Could you please transcribe the data exactly, without the pictures?

[Opening Stored data section]

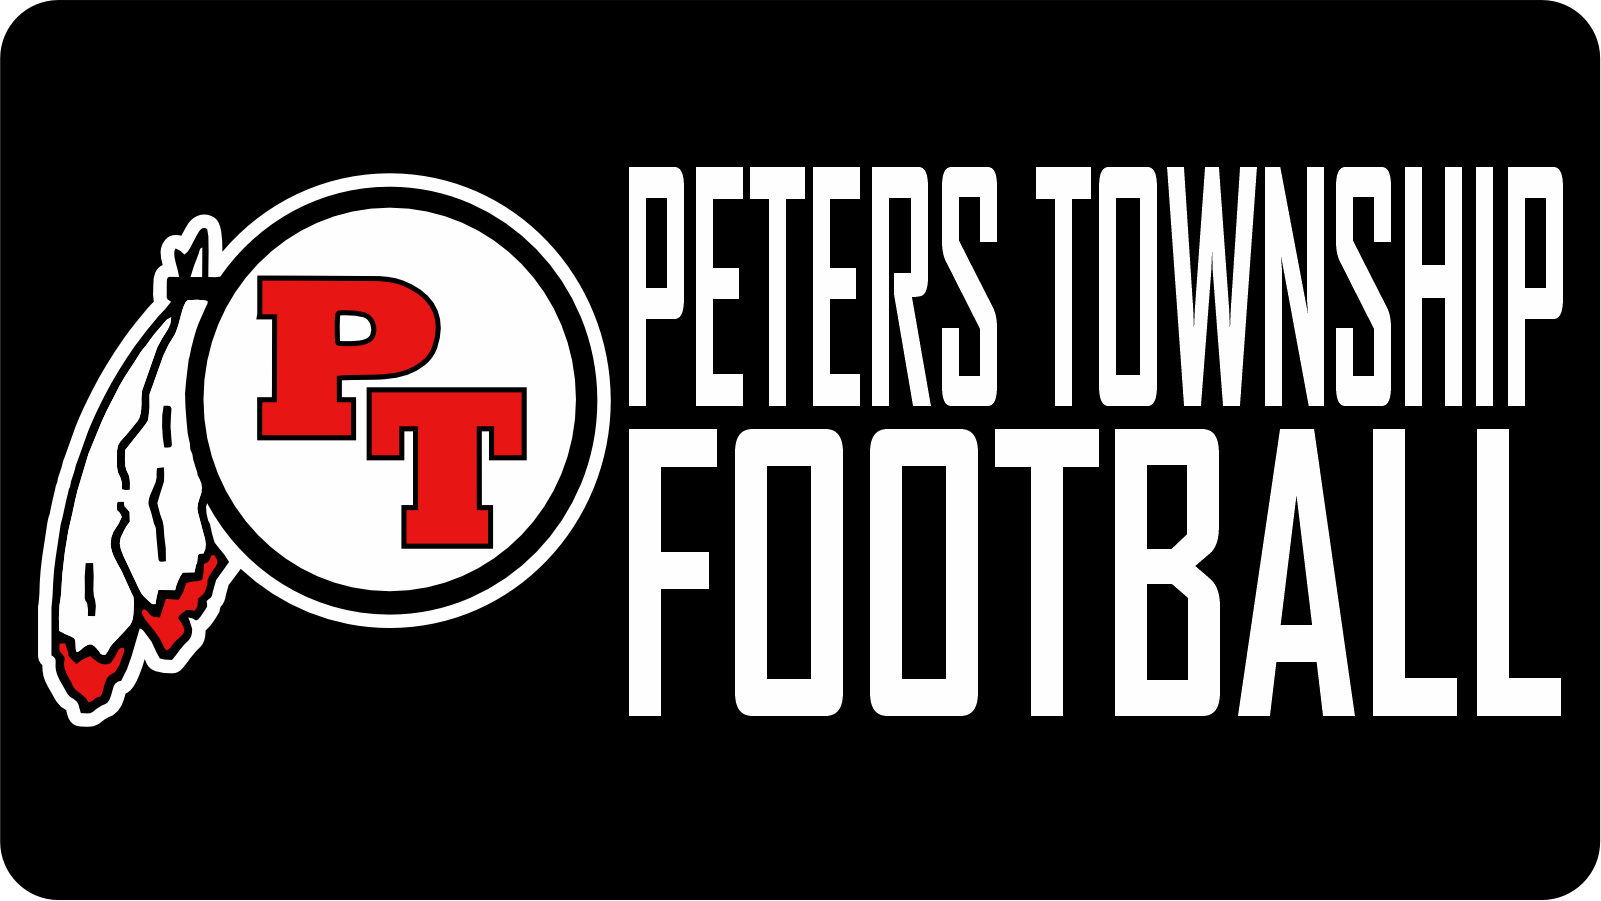 Peters Township Football
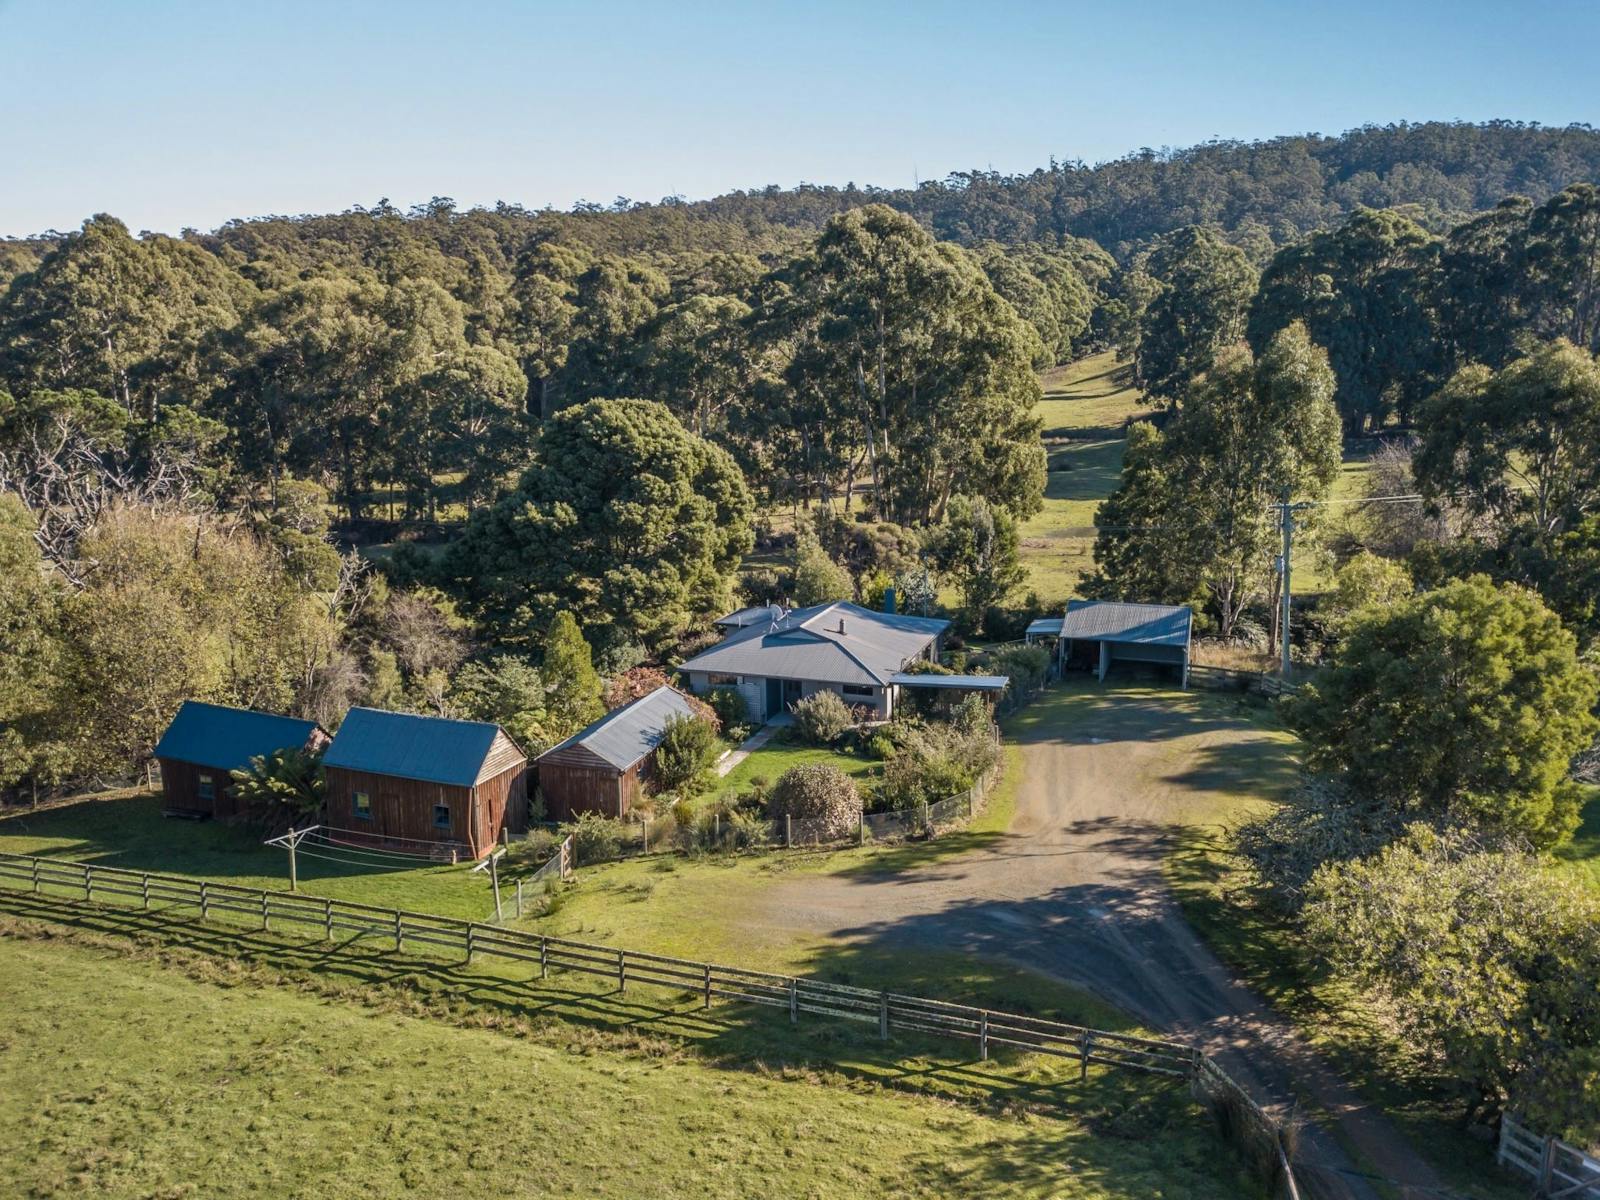 Inala Cottages
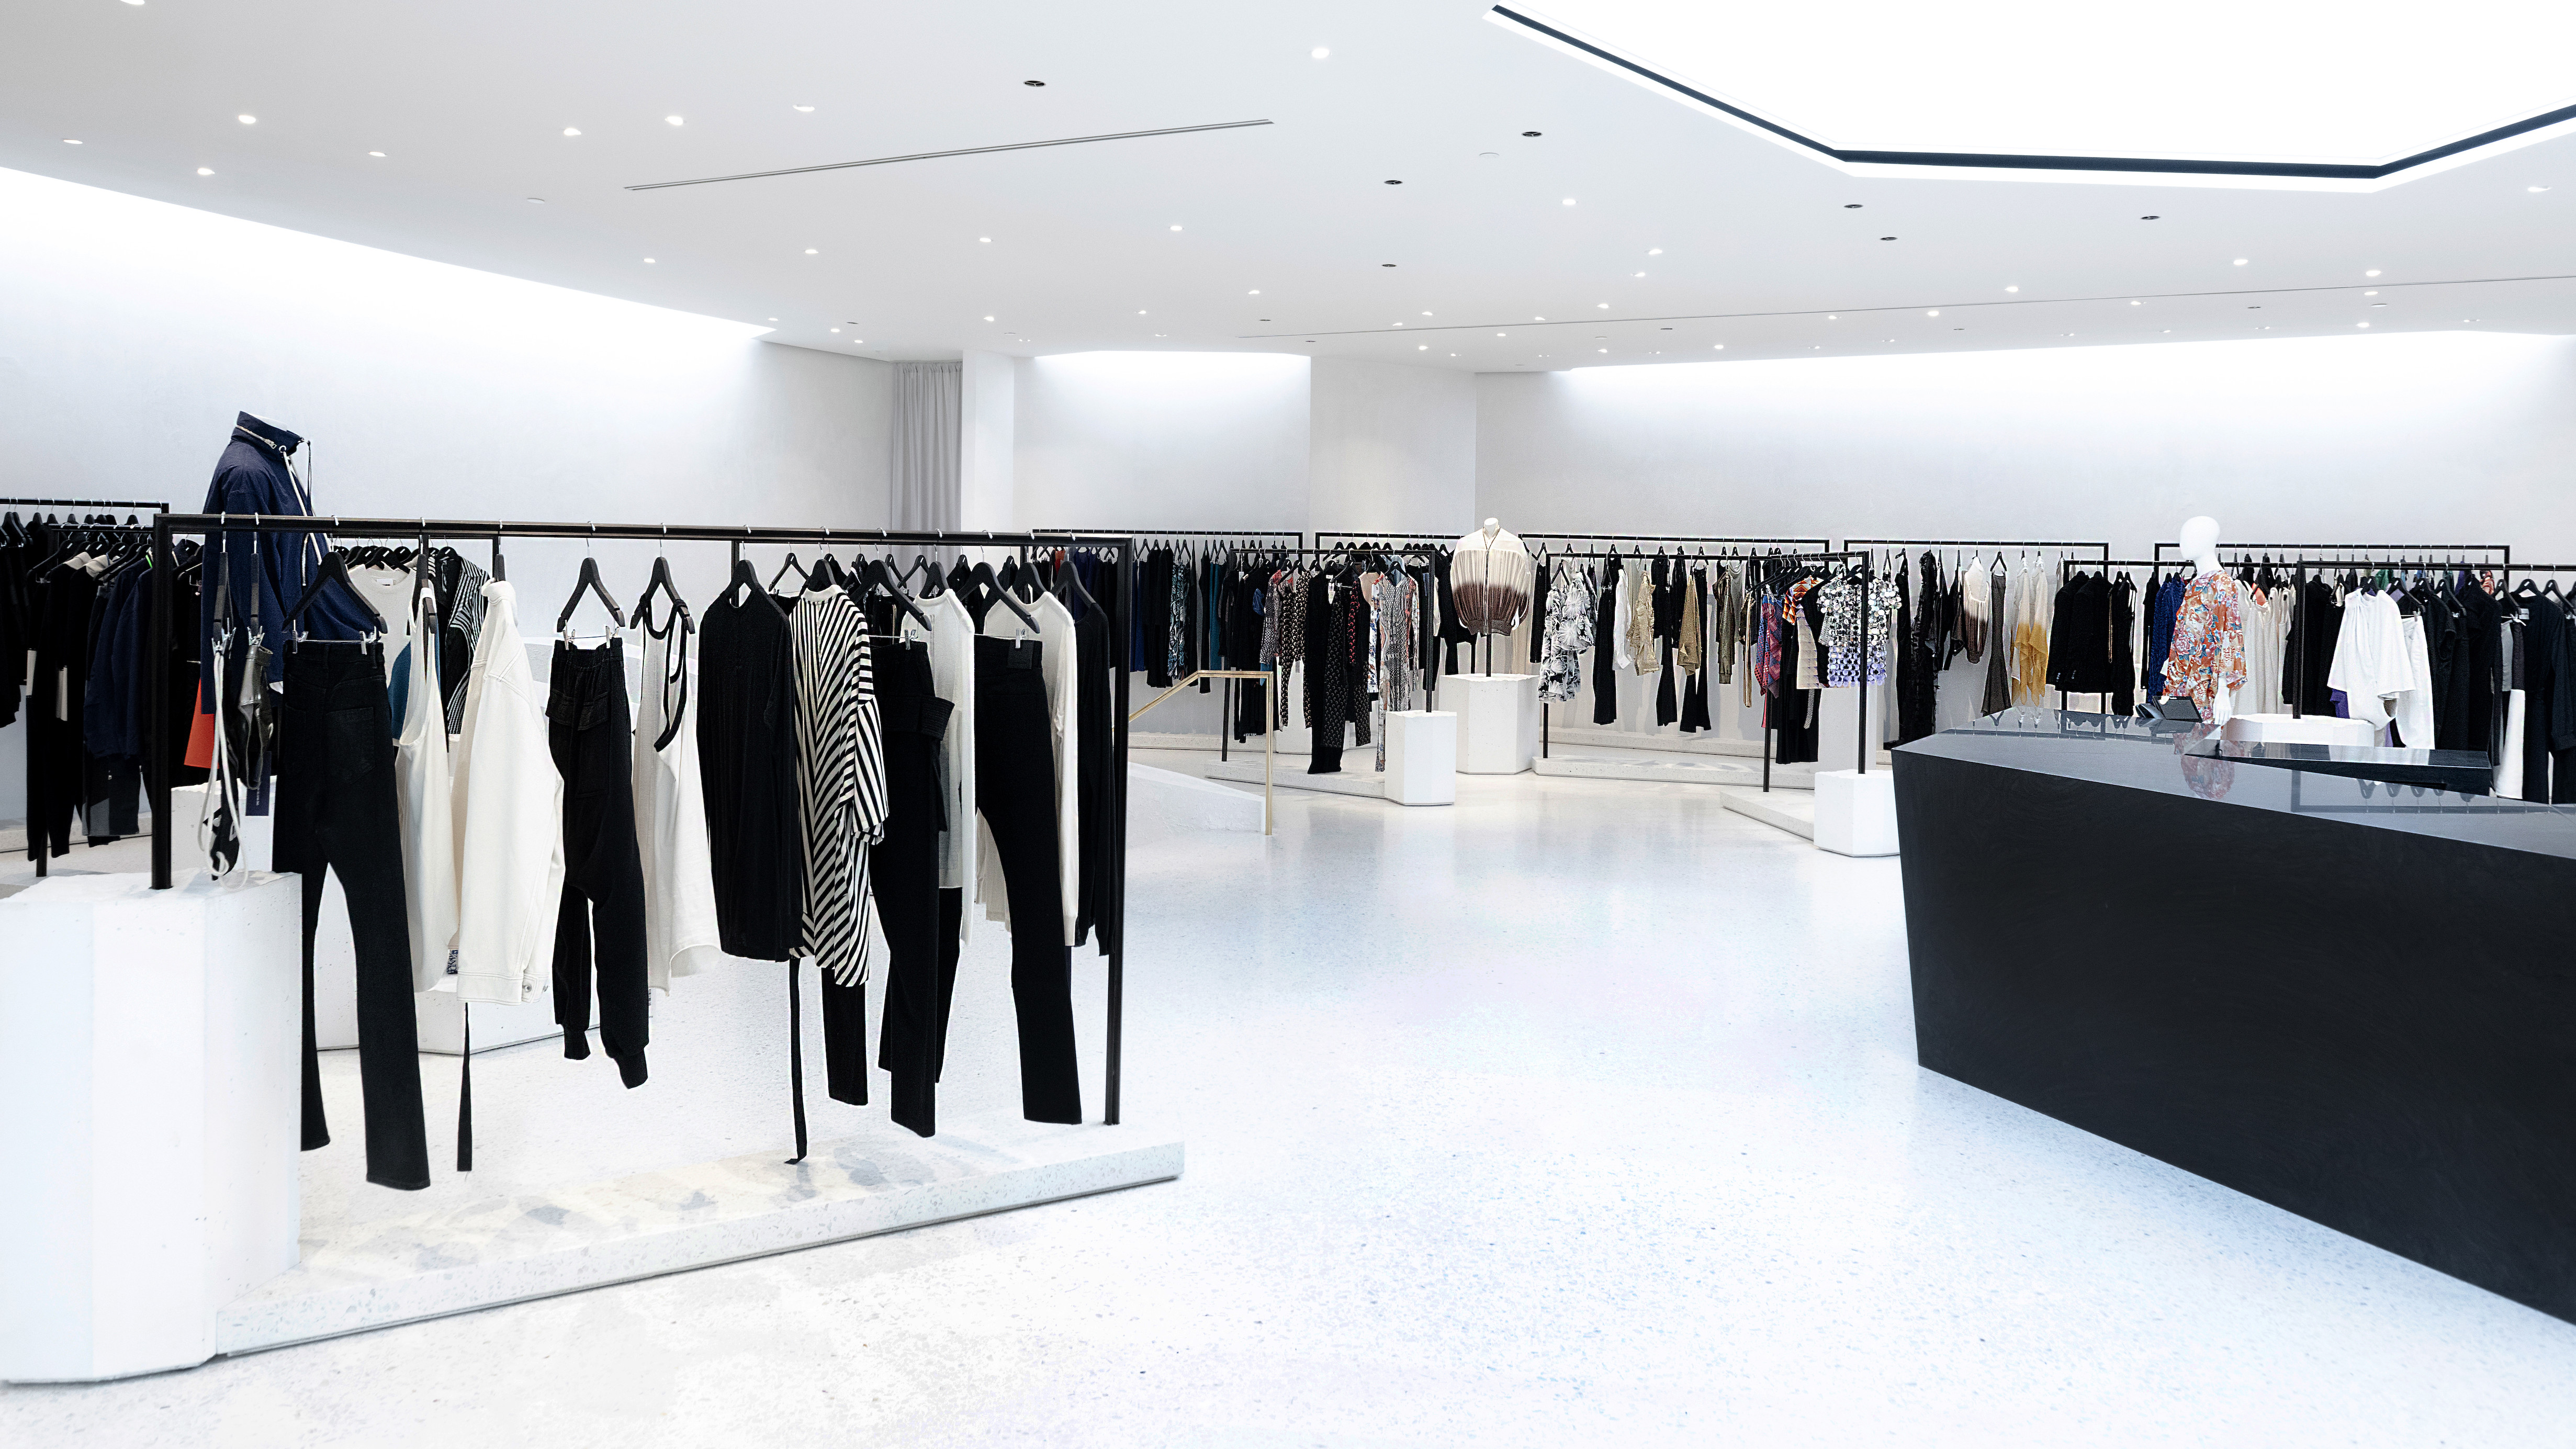 Barneys. Neiman Marcus. America's stores are taking the leap into

[Closing Stored data section]

### Exercise response
 Peters Township Football
 Inala Cottages
 Barneys. Neiman Marcus. America's stores are taking the leap into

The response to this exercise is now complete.